Last Updated: 6 February 2012


NOTE: ORDER PROHIBITING PUBLICATION OF NAME, ADDRESS OR IDENTIFYING PARTICULARS OF PLAINTIFF.

IN THE HIGH COURT OF NEW ZEALAND AUCKLAND REGISTRY

CIV-2011-404-003945

BETWEEN A Plaintiff

AND B Defendant

Hearing: 5 December 2011

Appearances: I M Gault for Plaintiff

C C Mansell for Defendant

Judgment: 8 December 2011

JUDGMENT OF WHATA J ON SECURITY FOR COSTS


This judgment was delivered by Justice Whata on

8 December 2011 at 4.00 p.m., pursuant to r 11.5 of the High Court Rules


Registrar/Deputy Registrar

Date:

Solicitors:

Bell Gully, PO Box 4199, Auckland 1140

Martelli McKegg, PO Box 5745, Wellesley Street, Aukland 1141

A V B HC AK CIV-2011-404-003945 8 December 2011

[1] A is a university student. B was a director and is now an employee of a publisher. A was paid to do two photo shoots. The photographs were published in a magazine and on the internet, including on a Facebook page. A says these publications breached an agreement that the photographs would not identify her and would only be published in the hard copy version of the magazine. A sues for breach of contract, breach of confidence and unconscionable bargain. B says that A signed two release forms permitting publication. He says there was no agreement to limit publication. B now seeks security for costs. A says an order for security would almost certainly prevent her from pursuing her claim.

Background

[2] The respective versions of events are key to the understanding of this case. I

will set out the plaintiff’s view of events and then set out the defendant’s position.

Plaintiff ’s view

[3] In September 2009 the plaintiff was experiencing severe financial hardship. On about 24 September 2009 the plaintiff approached the defendant about doing a photo shoot for X Magazine in exchange for $700. B provided A with contact details of a photographer who worked for B. A was concerned to keep her identity confidential in the photographs.

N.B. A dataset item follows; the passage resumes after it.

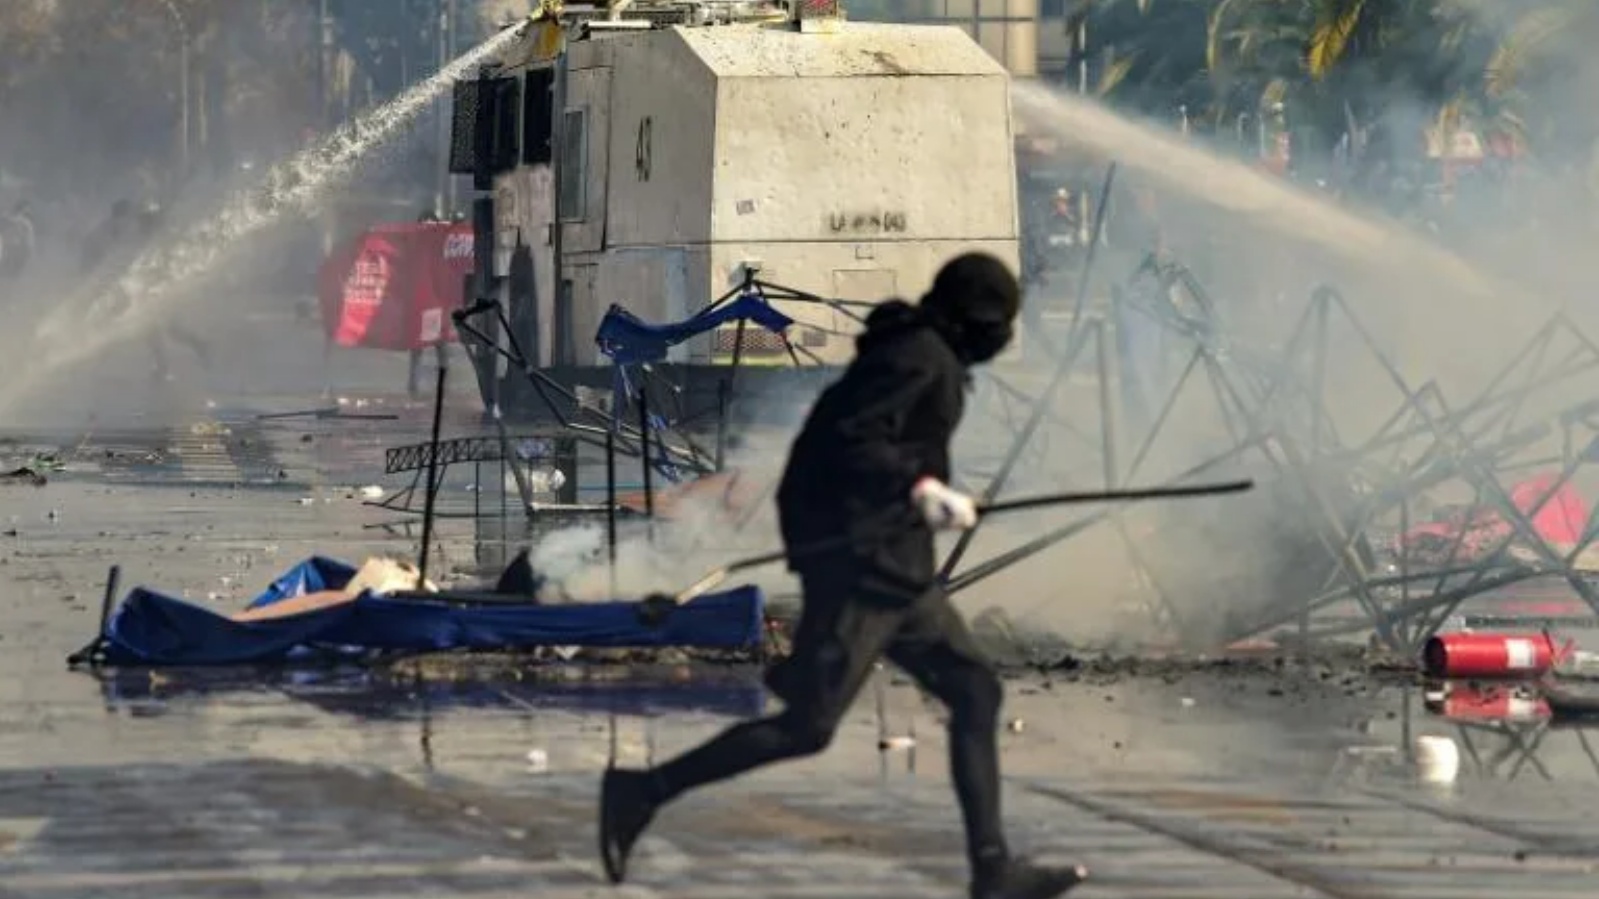 شرطة مكافحة الشغب تفرق المتظاهرين باستخدام خراطيم المياه خلال الاشتباكات التي أعقبت مسيرة عيد العمال في سانتياغو

The photographer agreed with A that she could wear a wig for the photographs and use a pseudonym so that she would not be identifiable. The explicit photo shoot then took place.

[4] After the photo shoot the photographer asked A to sign a document entitled “Model Release and Certification”. That release and certification states, among other things:

I hereby give all clearances, copyright and otherwise, for use of my name, likeness, image, voice, appearance and performance embodied in the product.

[5] In November 2009, A was again experiencing financial hardship. She sent a text message to B agreeing that she would participate in a photo shoot to appear in

the magazine in exchange for $700. B proposed that a term of this agreement be that A does not wear a wig and that the photo shoot would be filmed. A was again concerned about her confidentiality of her identity and did not agree to those terms and communicated this to B by text message. B assured her that it was unlikely that she would be identified.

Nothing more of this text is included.